Monday, 12/8/2025 p.m.
- Stocks trade lower to start the week – North American equity markets closed lower on Monday as investors await the final Bank of Canada and FOMC meetings for 2025 later this week. Leadership was narrow, with technology the only sector of the S&P 500 to finish the day higher, supported by strength in Broadcom shares after reports surfaced that the company is in talks to supply semiconductor chips to Microsoft.* U.S. small-cap stocks were another outperformer, with the Russell 2000 Index edging out a modest gain and now up nearly 4% over the past month.* Overseas, markets in Asia were mixed overnight, while European markets traded mostly lower despite an improvement in the eurozone Sentix economic index.* Bond yields ended the day slightly higher, with the 10-year U.S. Treasury yield climbing to around 4.17%, while the 10-year GoC yield rose to 3.4%.*
- Monetary policy in focus – Monetary policy will likely be in focus for investors this week, with the final Bank of Canada and FOMC meetings for 2025 concluding on Wednesday. Signs of weakness in the U.S. labour-market from last week's ADP employment report have led bond markets to price in a near 90% probability of an interest-rate cut at Wednesday's meeting, which would bring the fed funds target range down to 3.5% - 3.75%.* With an interest-rate cut at Wednesday's meeting largely expected, investor attention will likely center on the Fed's economic projections for the coming years.* With inflation still running above its 2% target, we expect the Fed to signal a cautious approach to easing in 2026. Our base-case scenario calls for an additional one or two interest-rate cuts in 2026, which we think should help provide a modest boost to U.S. economic activity throughout the year. On the domestic front, last week's stronger-than-expected employment gains will likely reinforce a hold from the BoC on Wednesday, in our view. With the current target rate of 2.25% at the lower end of the BoC's estimated neutral range, we expect the bank to remain on hold over the coming months.

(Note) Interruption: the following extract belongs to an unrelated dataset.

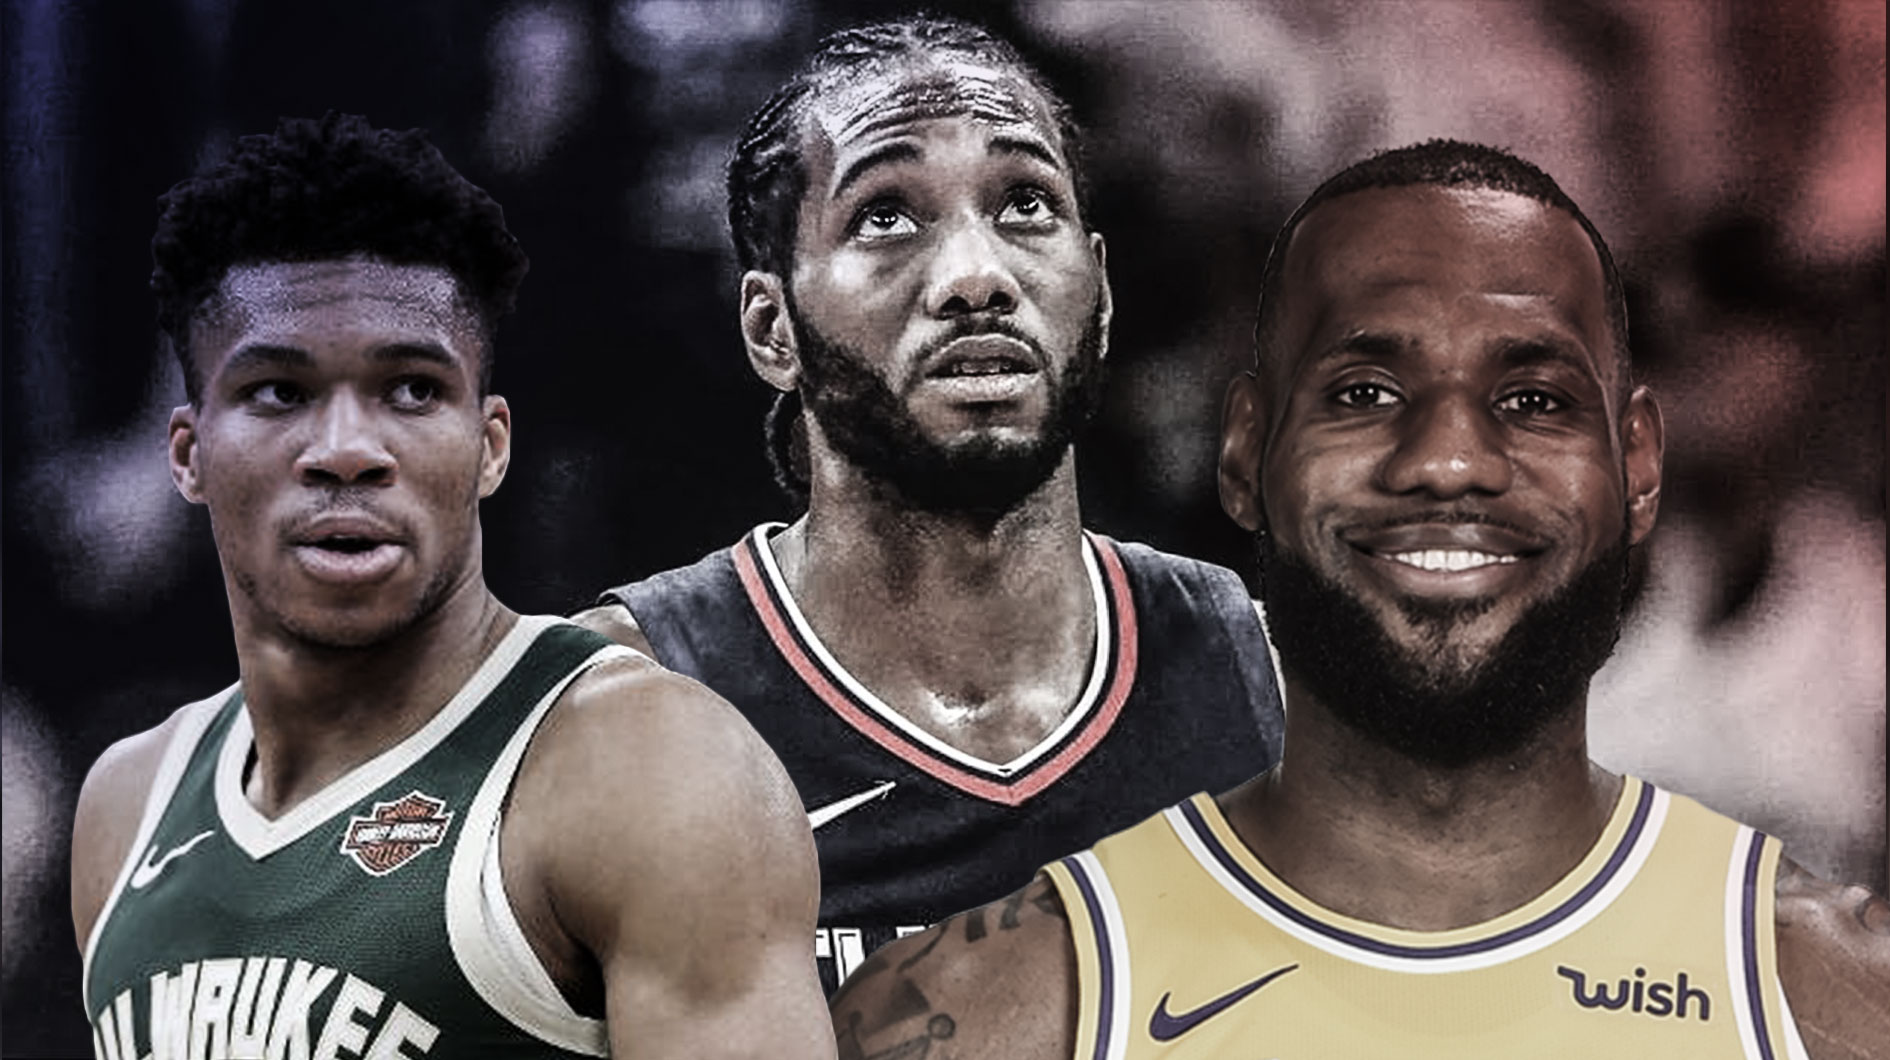 Site lista os 100 melhores jogadores da NBA atualmente

- December a historically strong month for stocks – Historically, December has been a favourable month for equity markets, with the S&P 500 gaining 1.4% on average since 1950 compared with an average monthly gain of roughly 0.8% for all months.** Additionally, returns have been positive in roughly 73% of Decembers over this time.** In particular, the final five trading days of December, along with the first two trading days of the New Year, have historically been strong periods for stocks, with some referring to this period as the Santa Claus rally window. Over these seven trading days, the average S&P 500 return has been 0.9% since 1980, with returns positive about 73% of the time.** While there's no guarantee investors will be gifted with a Santa Claus rally this year, history suggests that equity markets could have further room to run as we approach year-end, in our view.
Brock Weimer, CFA;
Investment Strategy
Source: *FactSet **FactSet, Edward Jones
Friday, 12/5/2025 p.m.
- TSX pulls back as yields rise – Canadian stocks dropped from record highs as government bond yields and the loonie jumped after the sizable beat in job gains for November*. In the U.S. major equity indexes were little changed today but eked out a modest weekly gain to kick off December*. Investors digested the delayed September data on consumer spending and the Fed’s preferred inflation gauge which came in largely as expected. Optimism around a potential Fed rate cut next week continues to support sentiment, alongside a rebound in technology and AI stocks. On the corporate front, Netflix announced a $72 billion cash-and-stock deal to acquire Warner Brothers, though the transaction is expected to face significant regulatory scrutiny. Shares of Netflix dropped 3%, while Warner Brothers shares finished up more than 5% on the news*.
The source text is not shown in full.